Trump: No Iran Nukes Even if Agreement Folds
By Steve Herman April 27, 2018
Standing alongside Germany's chancellor, U.S. President Donald Trump emphasized on Friday that Iran would not be permitted to build a nuclear arsenal, even if a deal intended to prevent that scenario collapsed.
"They're not going to be doing nuclear weapons. You can bank on it," Trump told reporters.
Asked about possible actions, including use of force, that he could take if Iran restarted its nuclear weapons program, if the deal made in 2015, known as the Joint Comprehensive Plan of Action (JCPOA), was abandoned, the president replied: "I don't talk about whether or not I'd use military force."
German Chancellor Angela Merkel, appearing with Trump at the news conference following their Friday meetings, described the JCPOA as "anything but perfect," adding, "It will not solve all the problems of Iran."
She described it as one piece to limit Iran's bad actions, while saying Berlin considered it of "prime importance" to contain threats from Iran as it exerts geopolitical influence in Syria, which has been racked by years of civil war.
Merkel said her government would continue very close discussions with the United States as the president neared a decision on the Iranian nuclear accord, signed by Iran with China, France, Germany, Russia, the United Kingdom, the United States and the European Union.
The Trump administration is required to recertify to Congress every 90 days that Iran is complying with the deal. The next deadline is May 12.
The U.S. president repeatedly has heaped scorn on the agreement, referring to it as a "disgrace," "stupid" and the "worst deal ever negotiated."
Following a meeting Friday of foreign ministers of the North Atlantic Treaty Organization (NATO), new U.S. Secretary of State Mike Pompeo told reporters in Brussels that "absent a substantial fix, absent overcoming the flaws of the deal," the U.S. president "is unlikely to stay in that deal." Earlier in the week, French President Emmanuel Macron said in Washington that he did not believe he had been able to persuade Trump not to abandon the nuclear agreement.
Asked by journalists whether he thought the U.S. president would walk away from the pact, Macron replied, "That's my bet."
Macron was seen by many as the foreign leader most likely to be able to change Trump's mind because of the warm relationship between the two.
Trump on Friday greeted Merkel under the West Wing entry portico with a kiss on both cheeks and a handshake in the Oval Office, more affection than during Merkel's initial White House visit 13 months ago when he appeared to refuse to shake her hand in the Oval Office.
Merkel's relationship with Trump remains icy, according to The Washington Post, quoting a person who was in the room when the president was with Macron on Tuesday when Trump reportedly said he was "not looking forward to Merkel coming."
According to Peter Rashish, senior fellow and director of the geoeconomics program at the American Institute for Contemporary German Studies, "there was always going to be a division of labor between Macron and Merkel with Trump."
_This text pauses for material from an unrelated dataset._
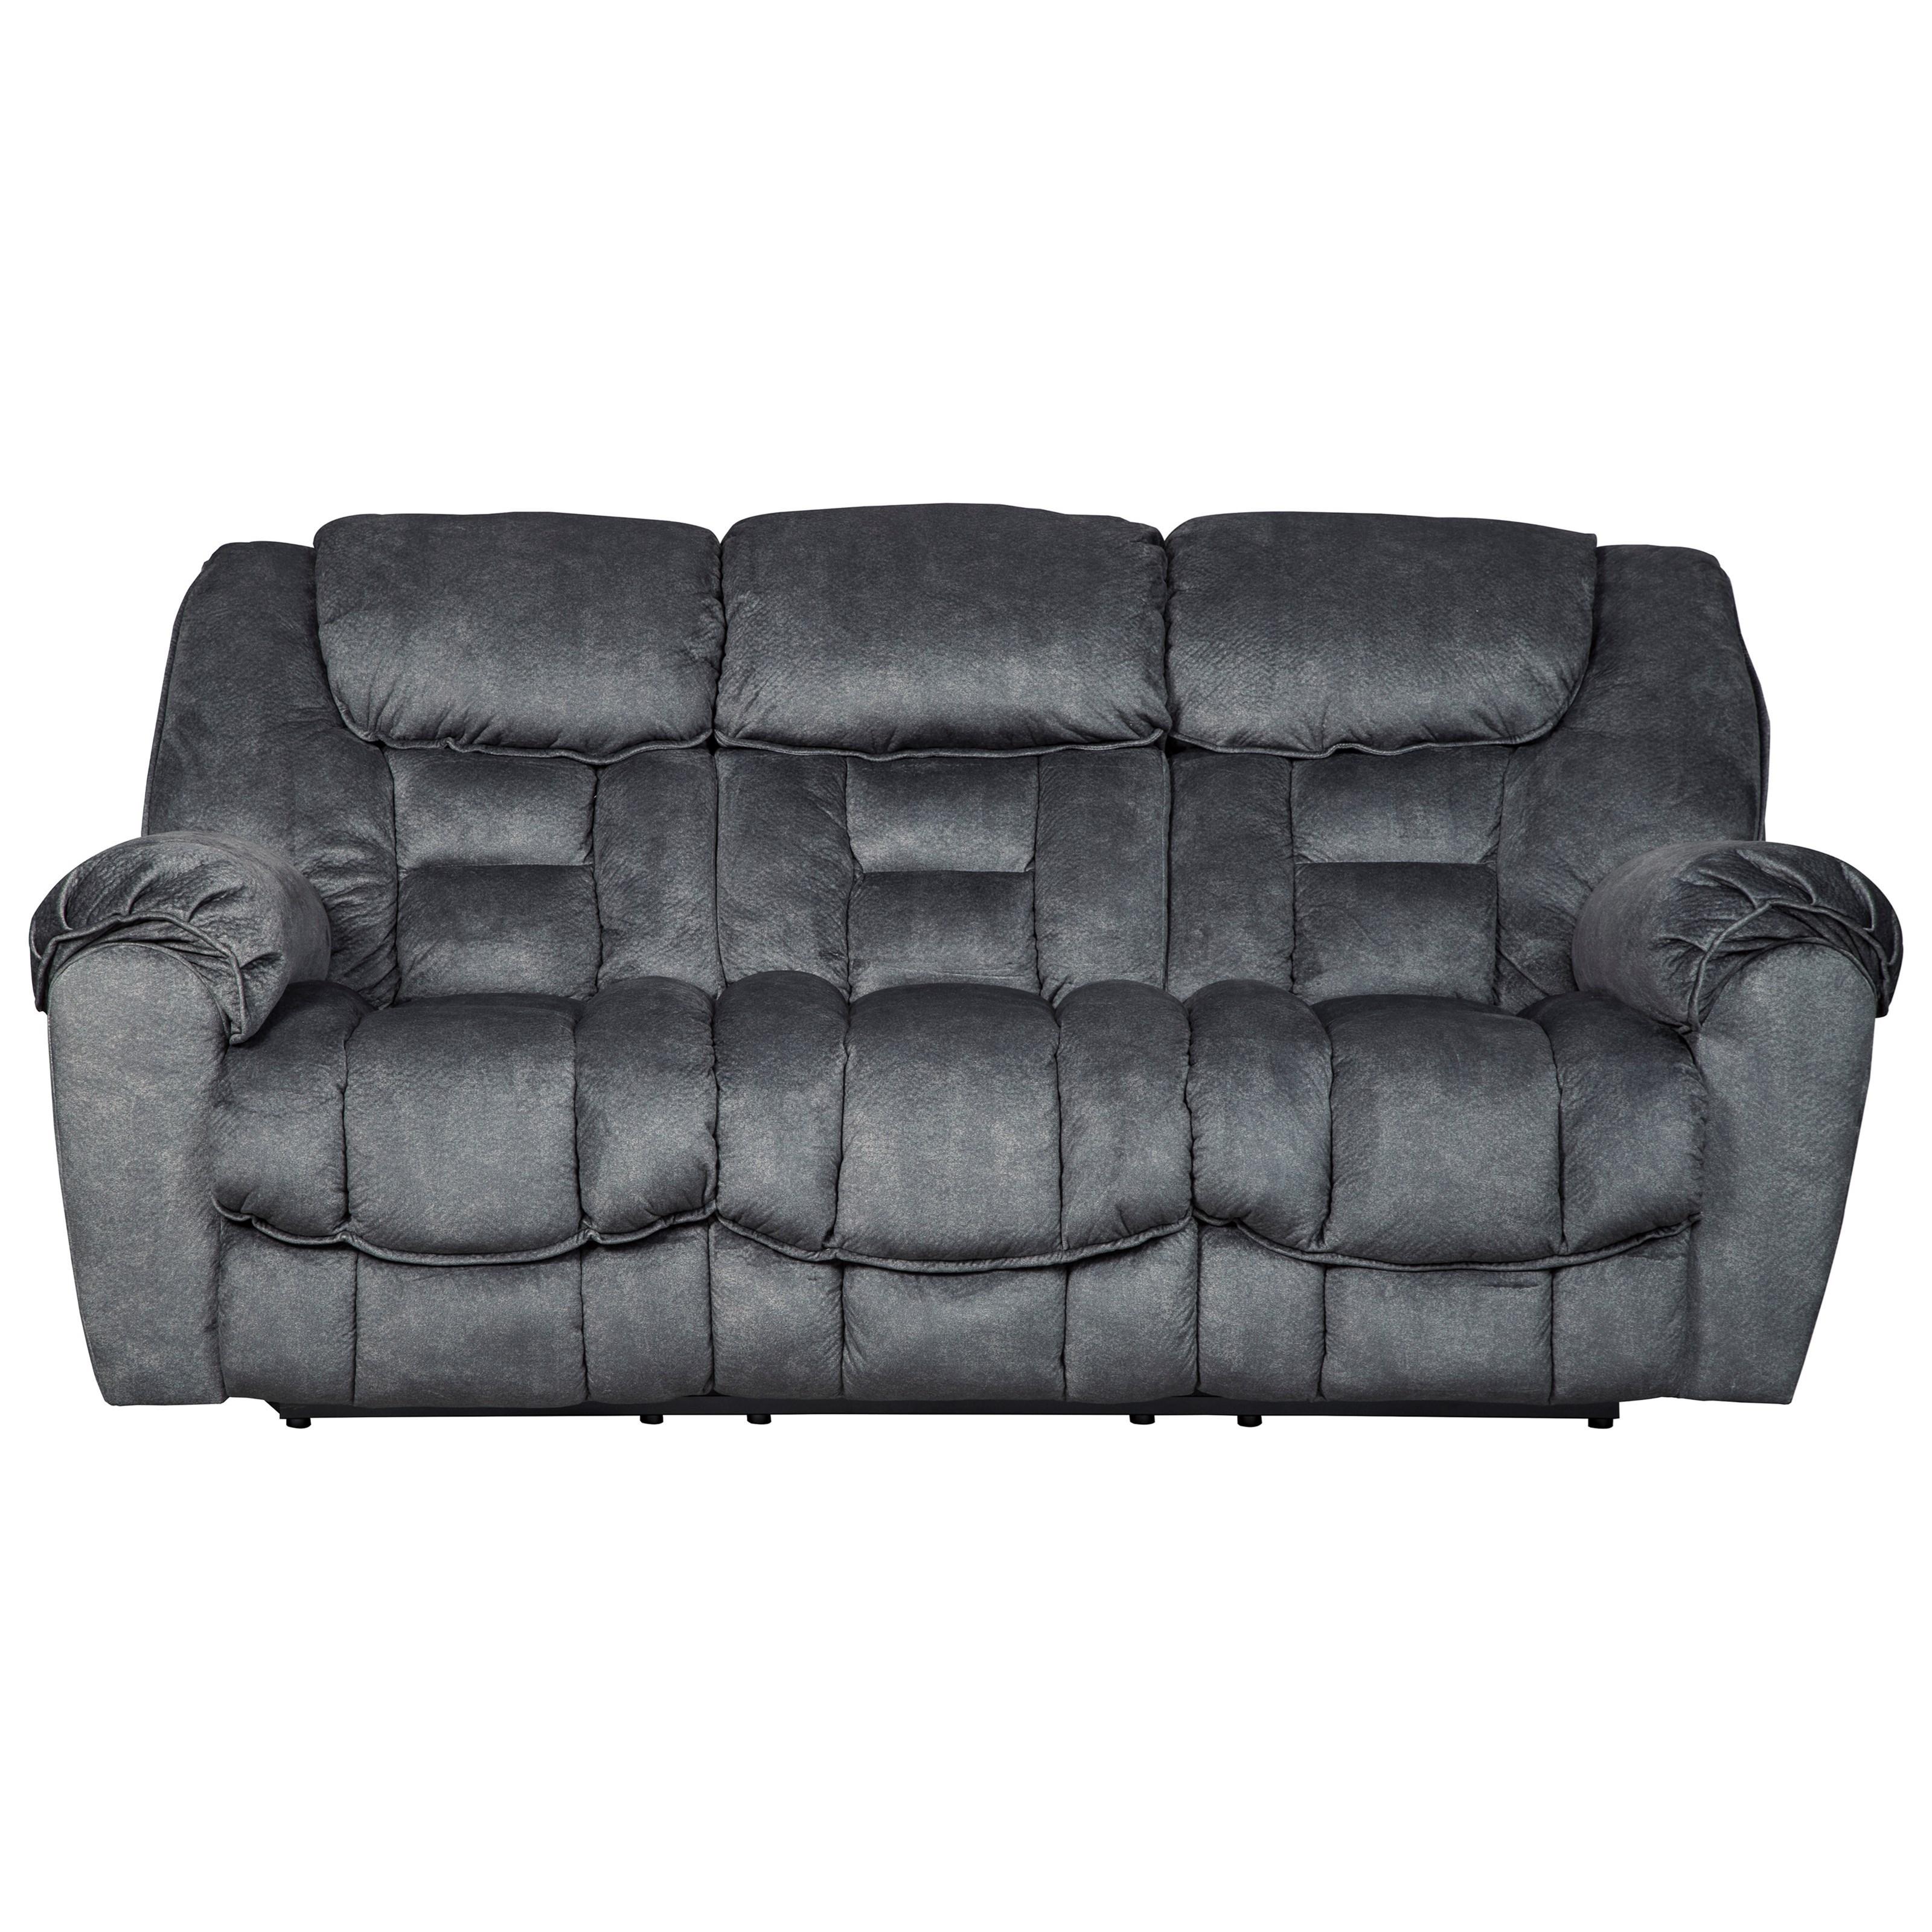 Casual Contemporary Reclining Sofa

Rashish, a former vice president for Europe at the U.S. Chamber of Commerce, noted that while "Macron is a gifted public performer, Merkel thrives in close-range, behind-the-scenes meetings. The cordial tone of the press conference suggests she was able to find a way to engage Trump in a way that could bear fruit further down the line."
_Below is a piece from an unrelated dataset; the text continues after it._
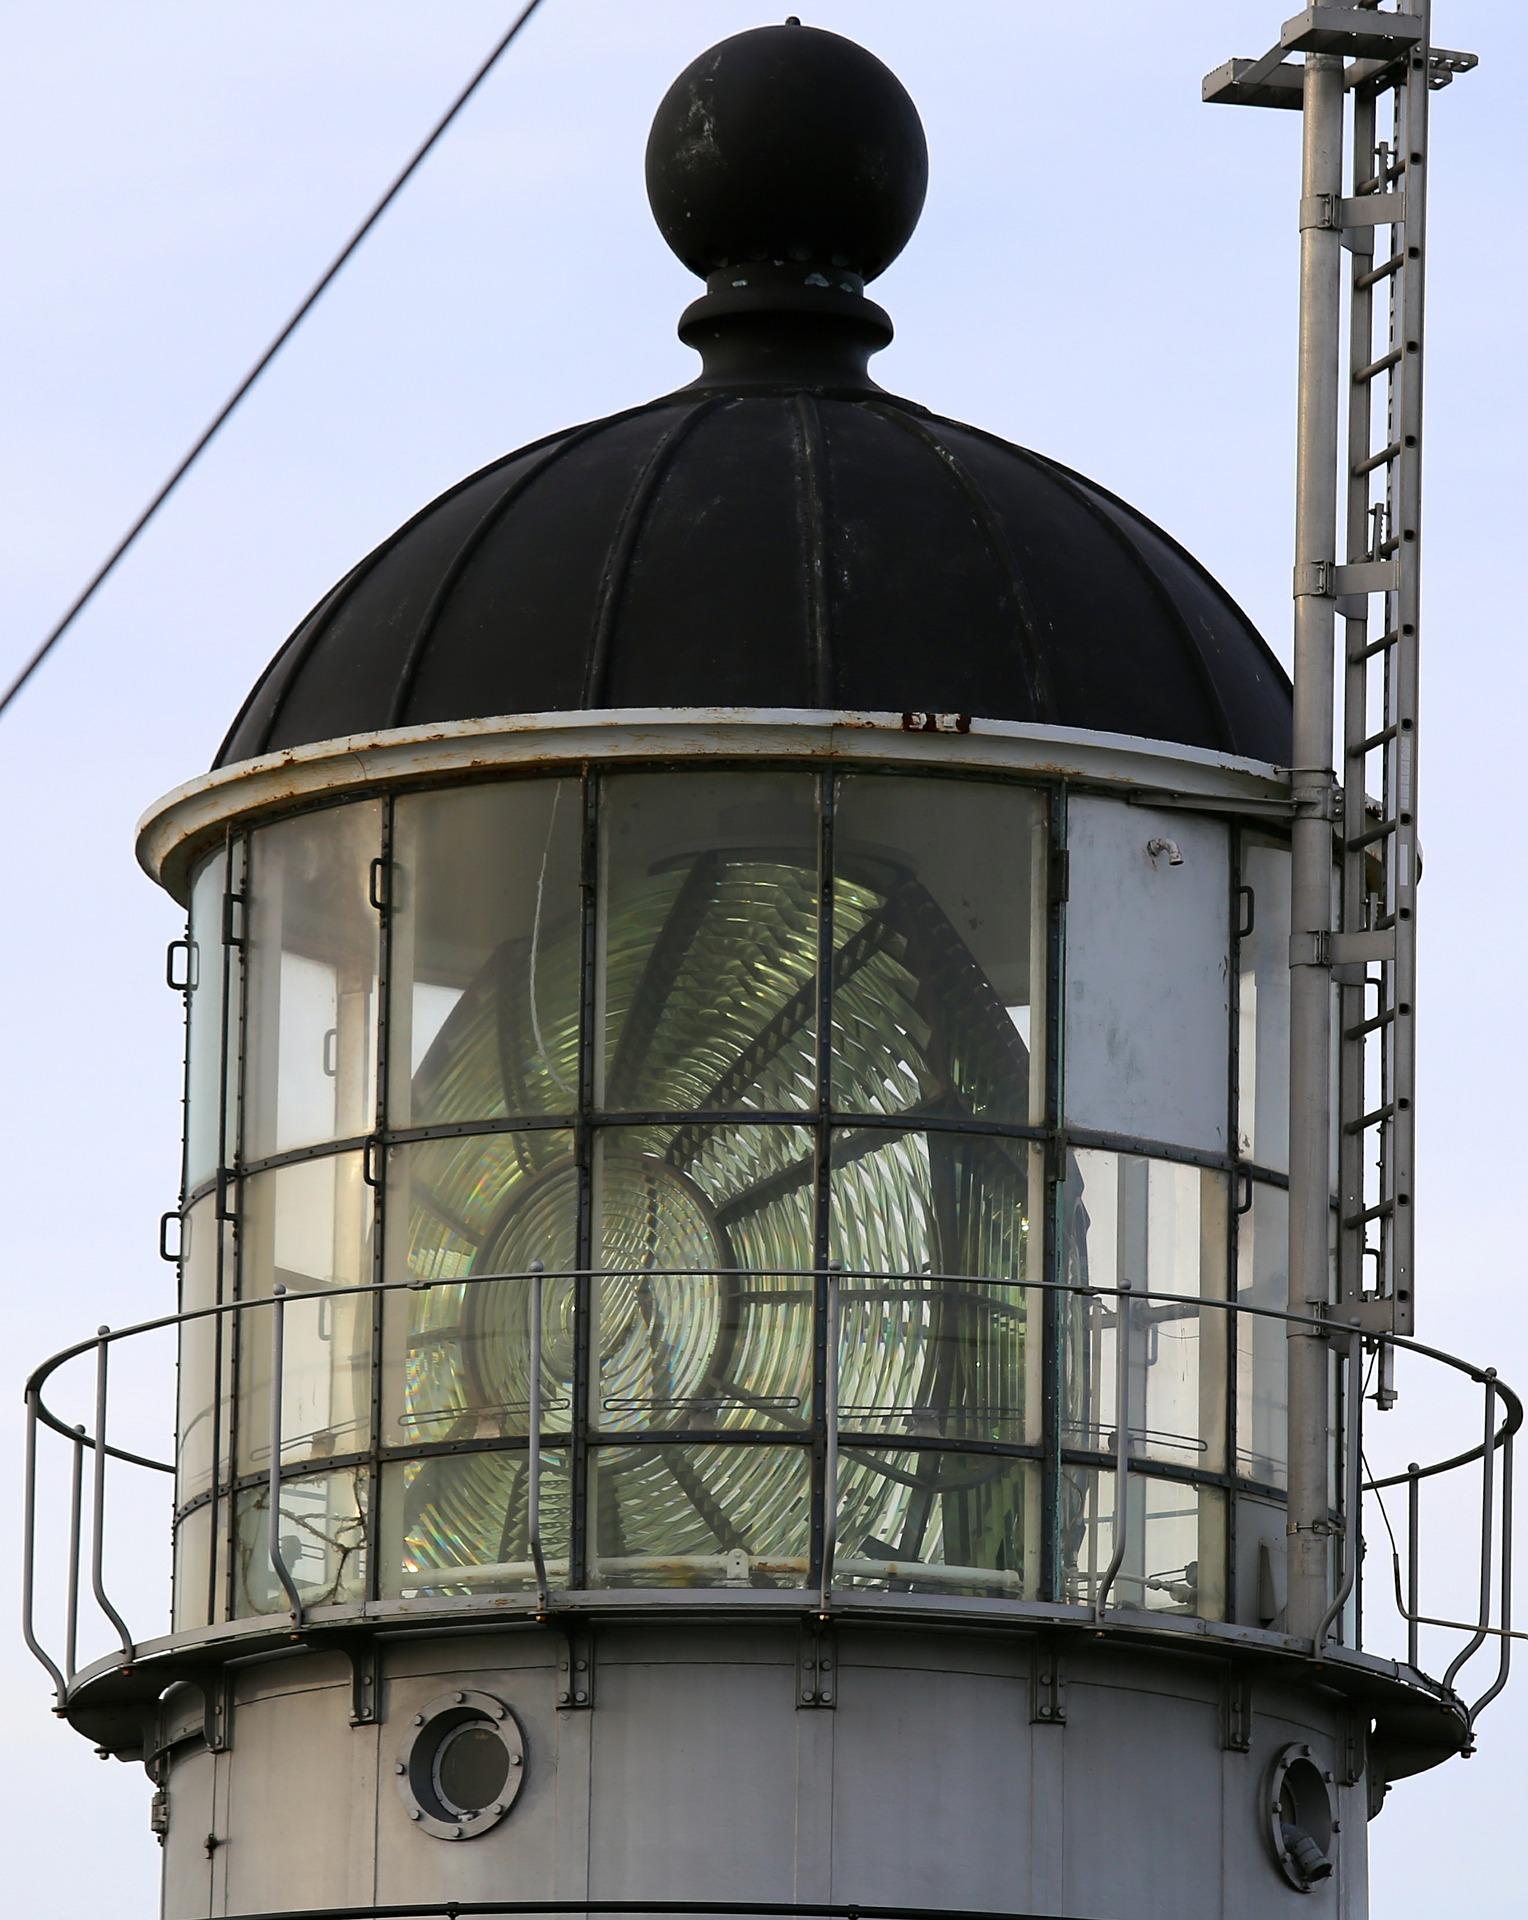 kullen-lighthouse-465538_1920

Alongside Trump, during several events Friday at the White House when reporters were in the room, Merkel remained mostly stone-faced. But there were a couple of flashes of puzzlement during their joint news conference when Trump made off-the-cuff remarks in his trademark fashion.
Trump and Merkel acknowledged they discussed other difficult matters, including the level of funding for NATO and trade tariffs.
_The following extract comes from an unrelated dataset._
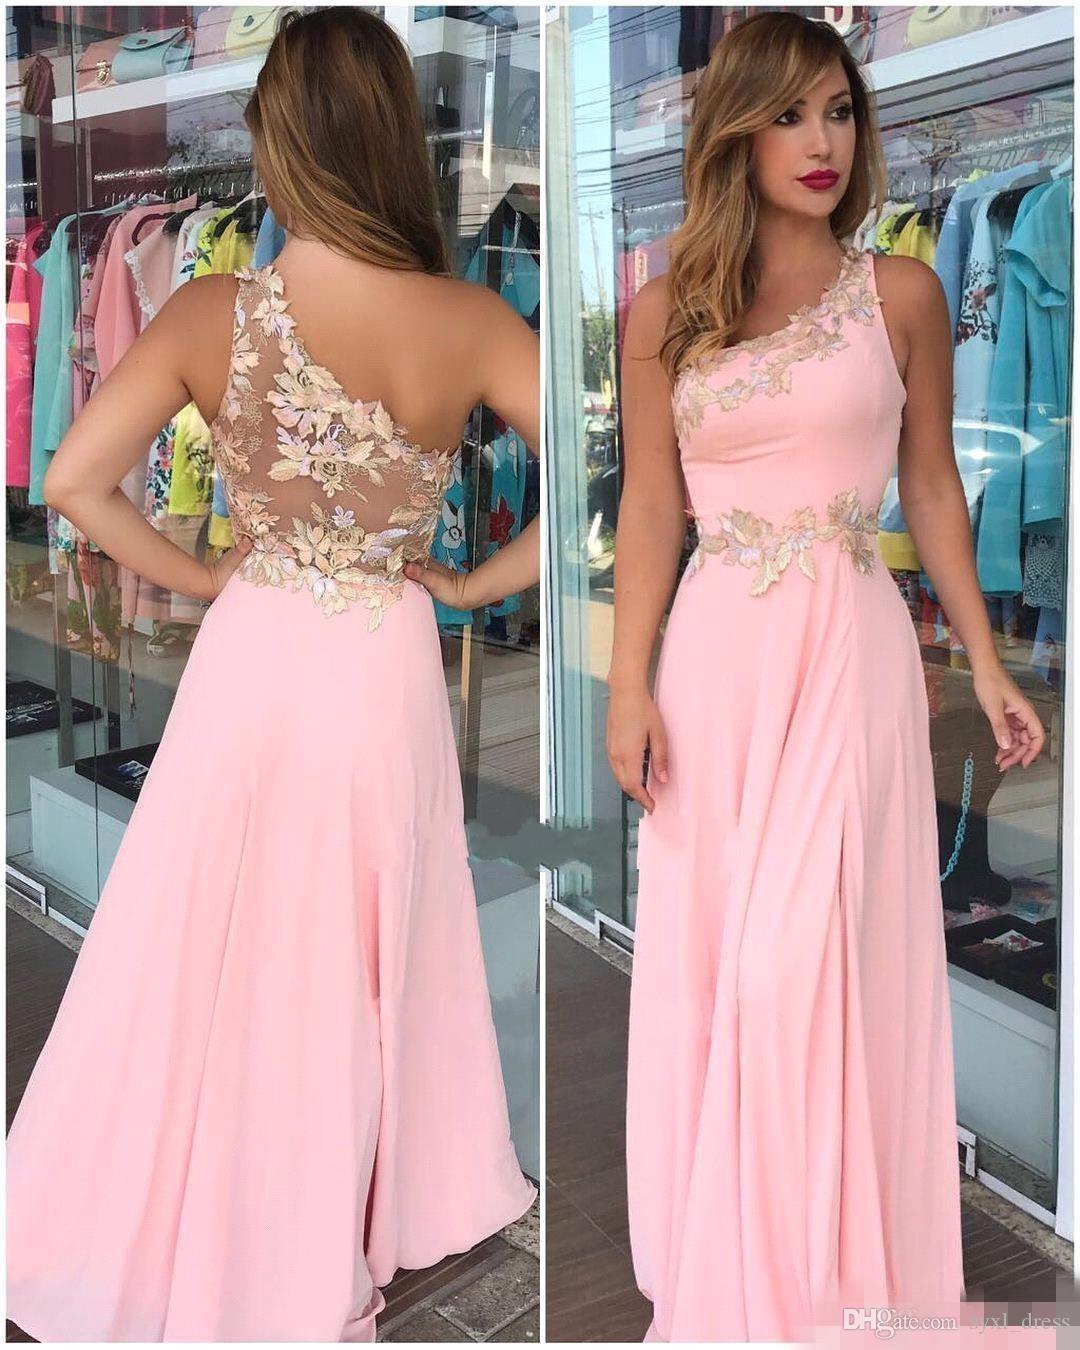 2018 Pink Arabic Dubai Muslim Cheap Prom Dresses Elegant Evening Formal  Dresses Party Wear Abendkleider One Shoulder With Lace Bodycon Party  Dresses Cheap ... d7fb00738fad

"We had an exchange of views," she said when asked about steel tariffs Trump is poised to impose on European exports. "The decision lies with the president."
While Trump emphasized the need to bring down the EU trade surplus with the United States, the president also said he wanted to deepen economic ties with Europe, which observers saw as something new.
Merkel on Friday restated her interest in a U.S.-EU free-trade agreement.
"Put those two ideas together and you could imagine down the road the resumption of some version of the Transatlantic Trade and Investment Partnership with a more Trumpian stamp," Rashish told VOA.